▸ **PROBLEM TO SOLVE**:
Produce word for word the lines of the data below running from the one that has "Сумка для ноутбука" to the one that has "Ręcznik / Ściereczka", inclusive, and no others.

▸ **SUPPLIED MATERIAL**:
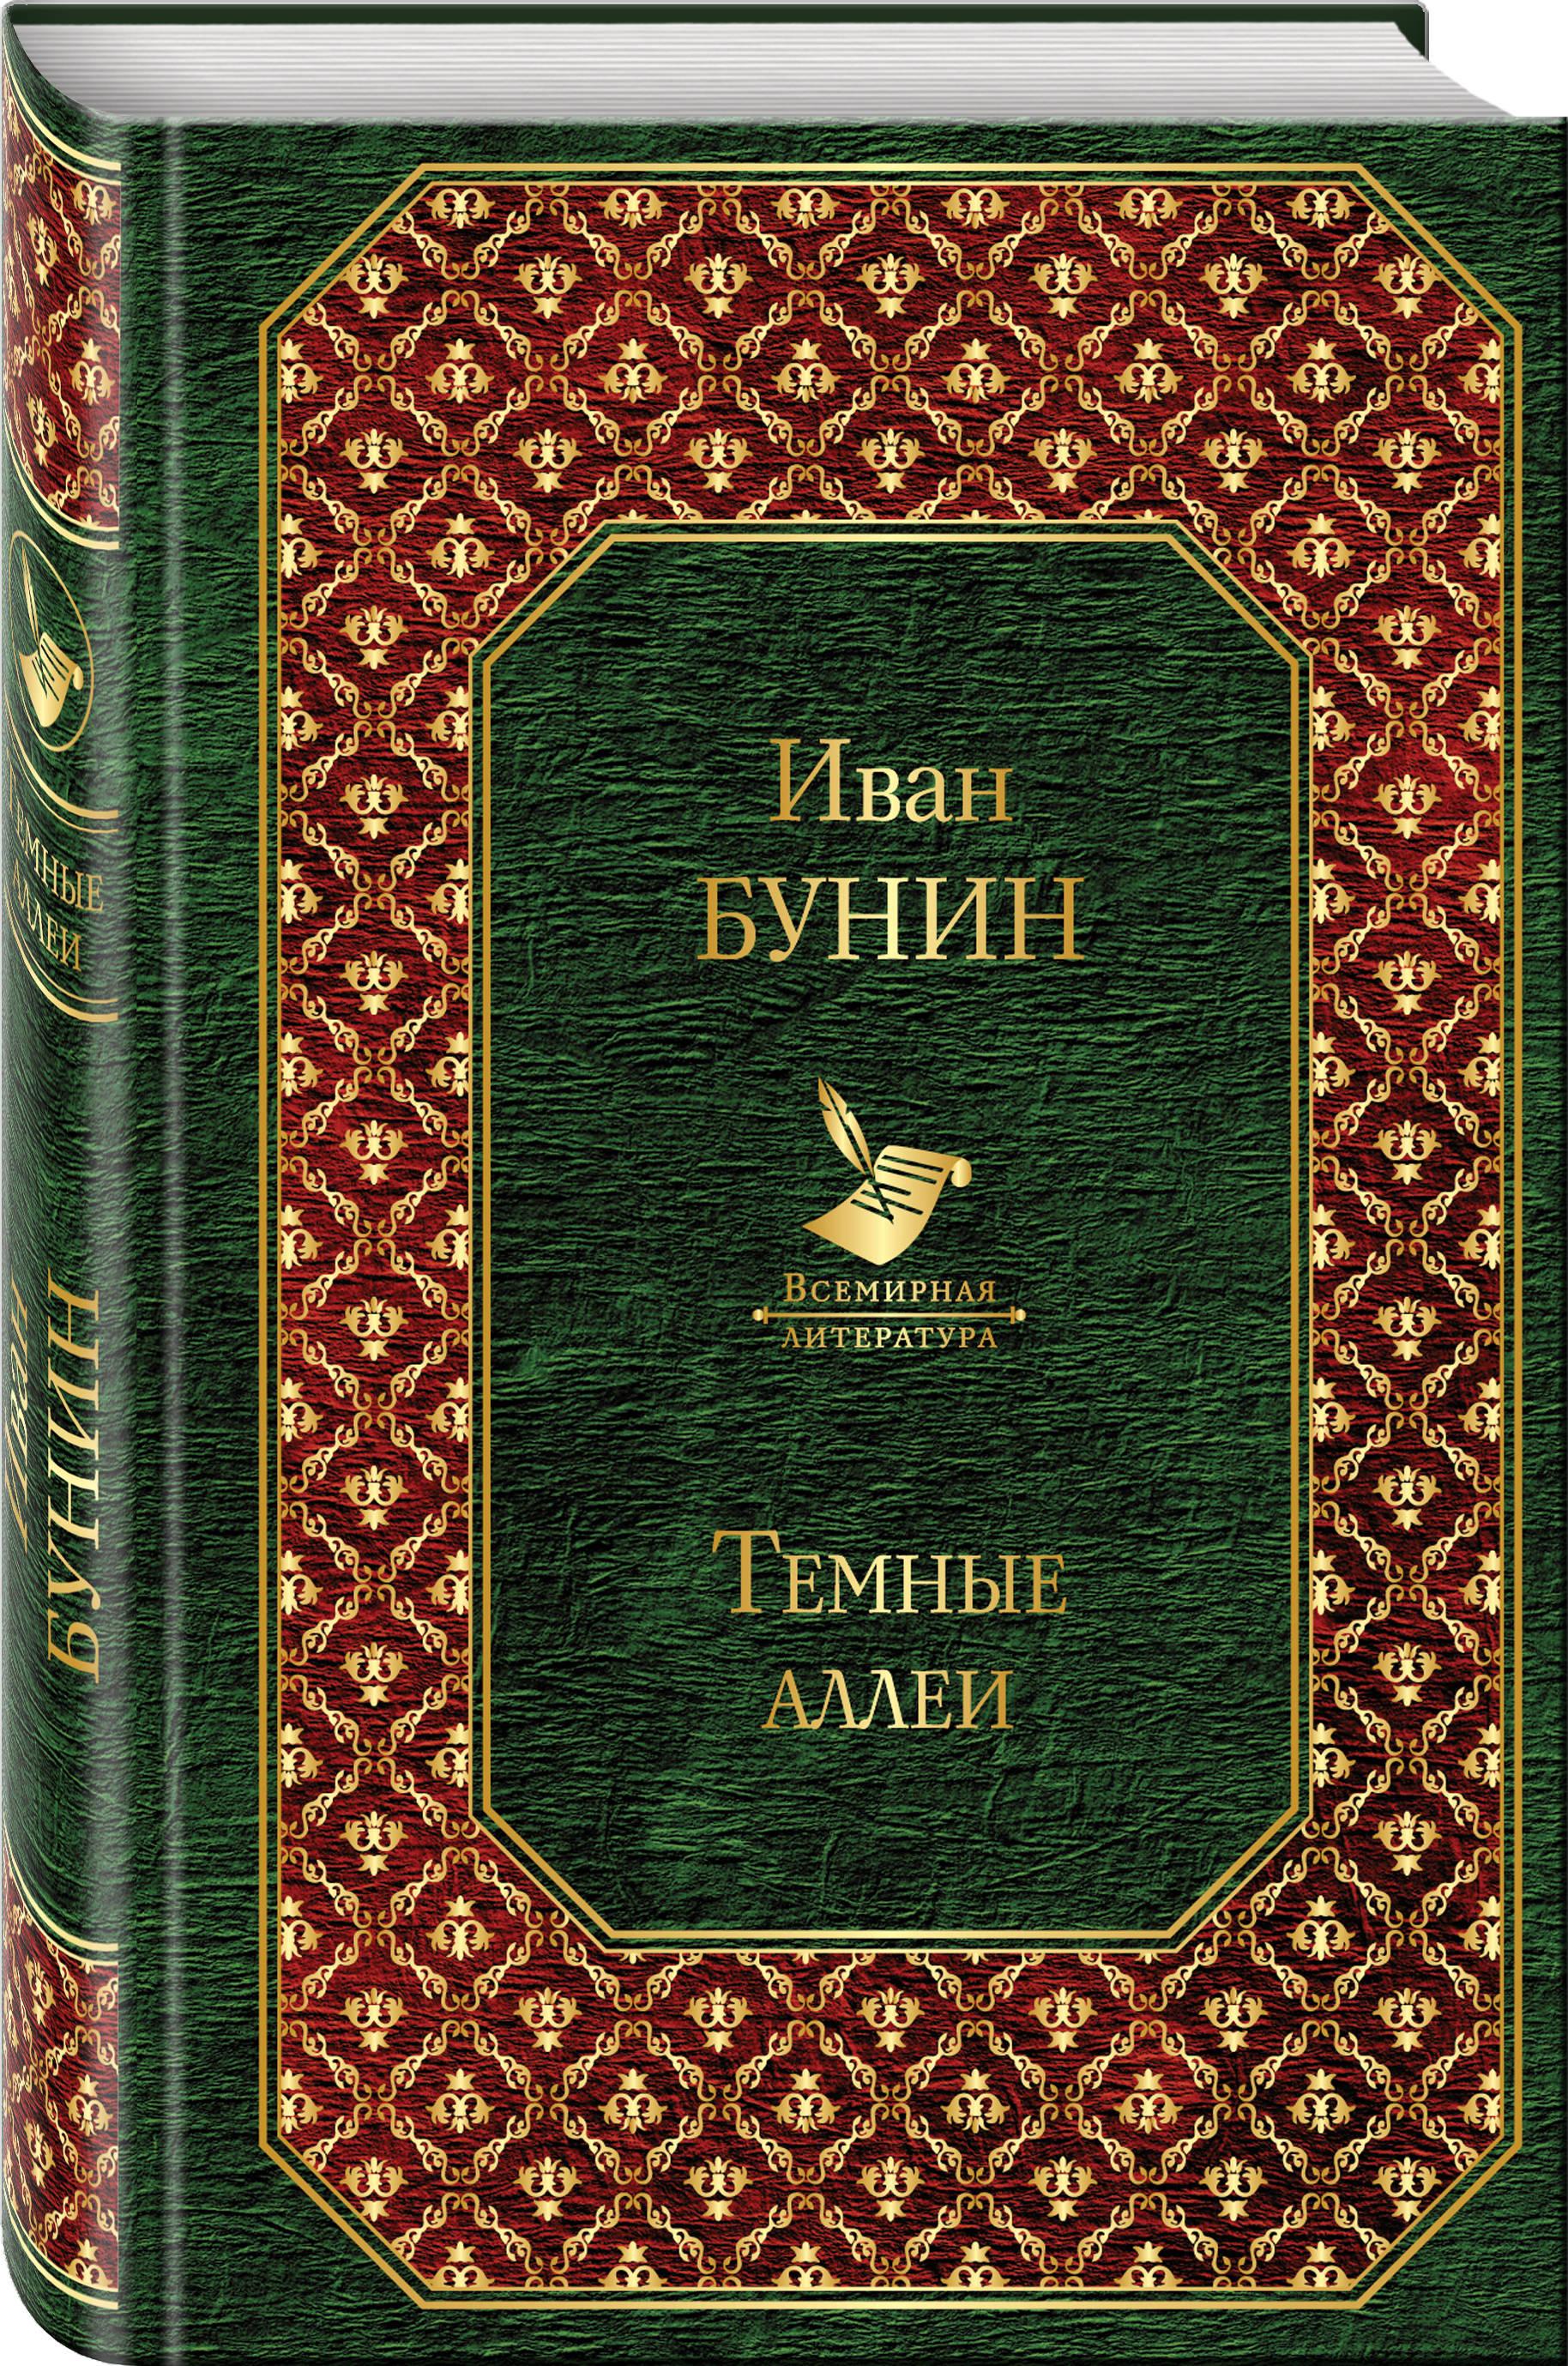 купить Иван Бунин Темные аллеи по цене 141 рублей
...
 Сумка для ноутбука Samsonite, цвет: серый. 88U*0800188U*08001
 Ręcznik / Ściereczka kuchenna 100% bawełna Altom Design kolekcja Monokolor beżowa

▸ **OUTPUT FOR THIS EXERCISE**:
 Сумка для ноутбука Samsonite, цвет: серый. 88U*0800188U*08001
 Ręcznik / Ściereczka kuchenna 100% bawełna Altom Design kolekcja Monokolor beżowa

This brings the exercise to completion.